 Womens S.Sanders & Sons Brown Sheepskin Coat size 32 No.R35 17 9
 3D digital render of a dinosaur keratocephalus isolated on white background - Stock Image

= = = = =

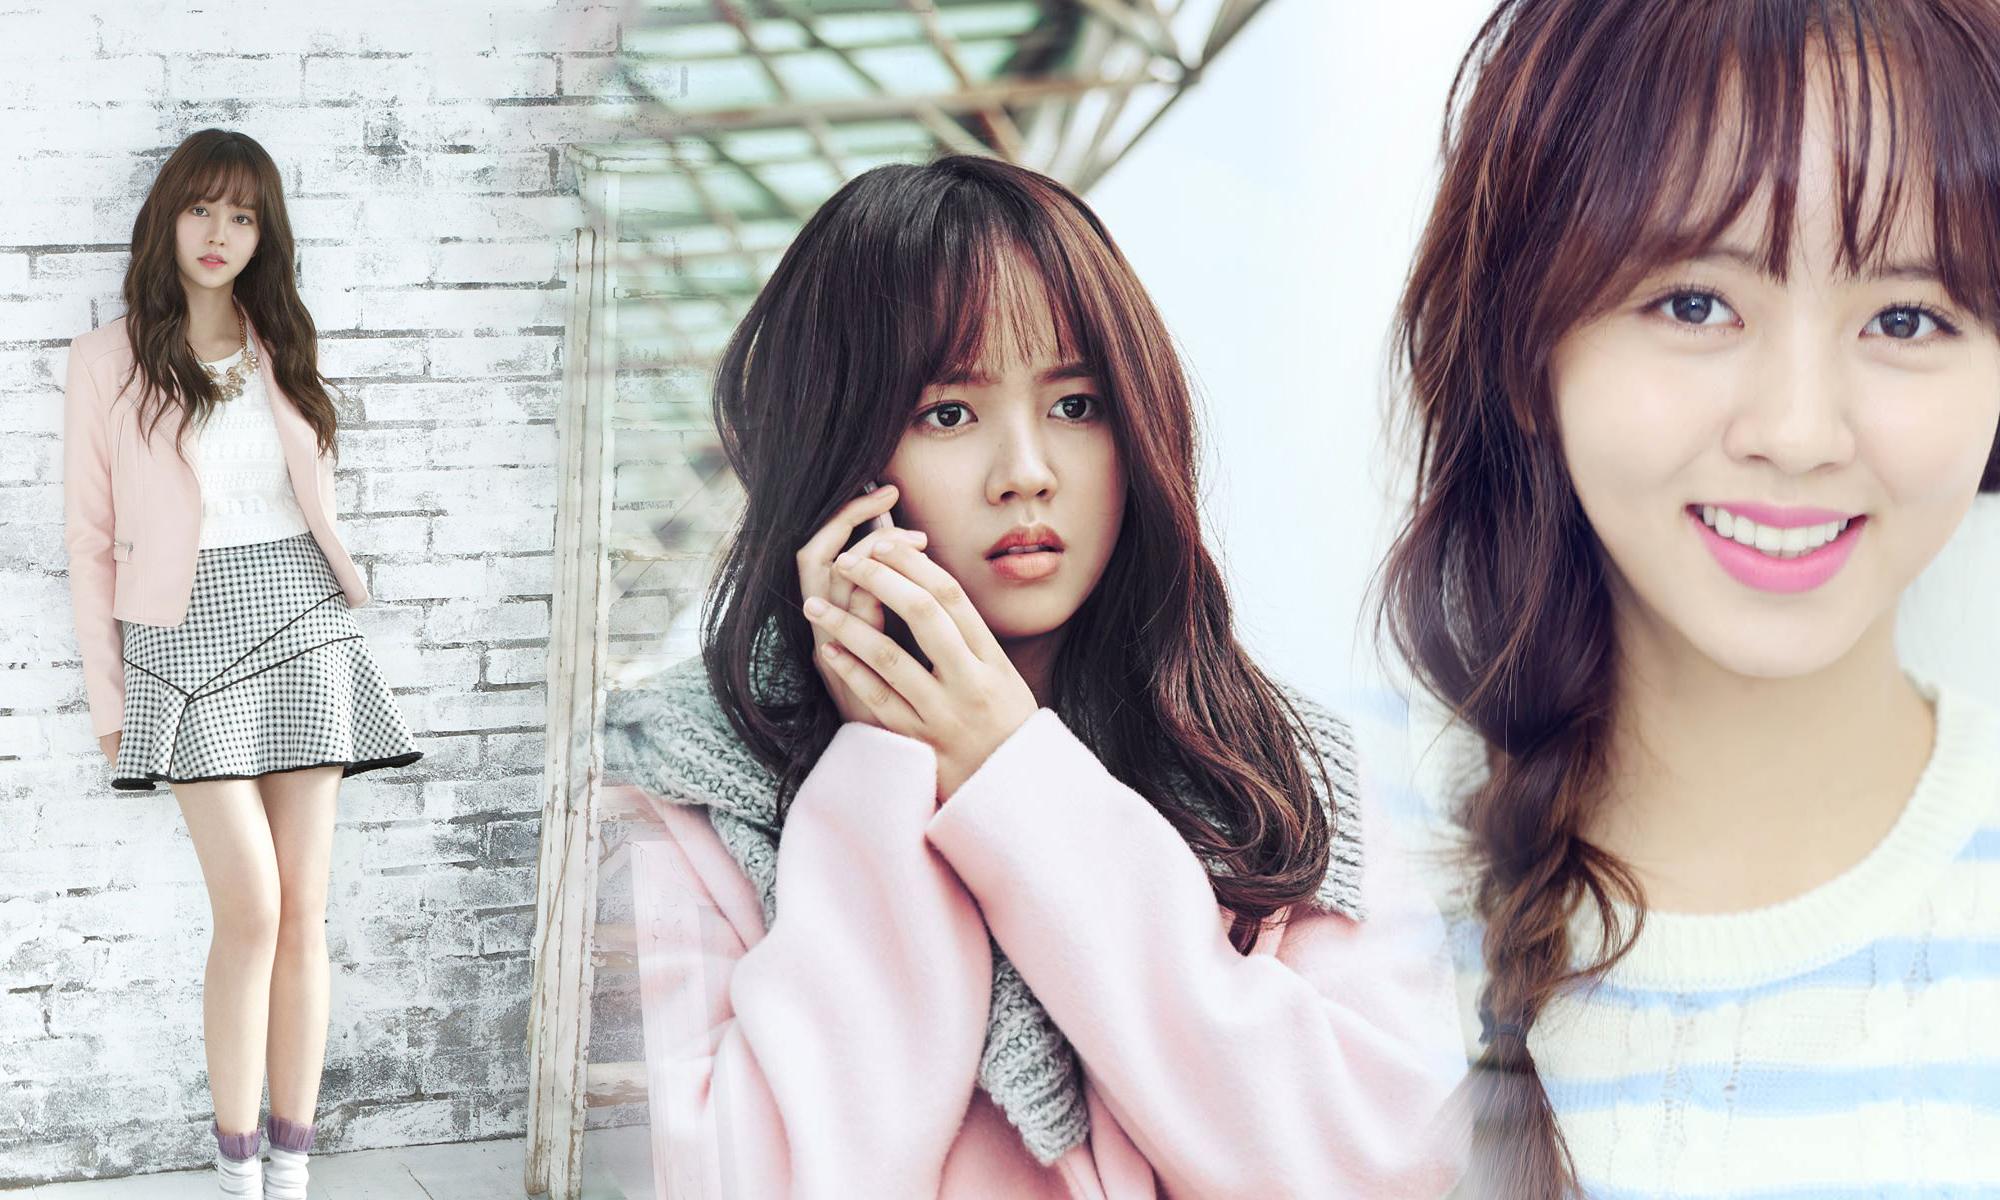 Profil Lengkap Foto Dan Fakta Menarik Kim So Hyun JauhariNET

= = = = =

__TASK TO CARRY OUT__.
Begin at the line above that has "Womens S.Sanders &" and stop after the line that has "3D digital render", copying each line exactly and adding nothing else.

__OUTPUT__.
 Womens S.Sanders & Sons Brown Sheepskin Coat size 32 No.R35 17 9
 3D digital render of a dinosaur keratocephalus isolated on white background - Stock Image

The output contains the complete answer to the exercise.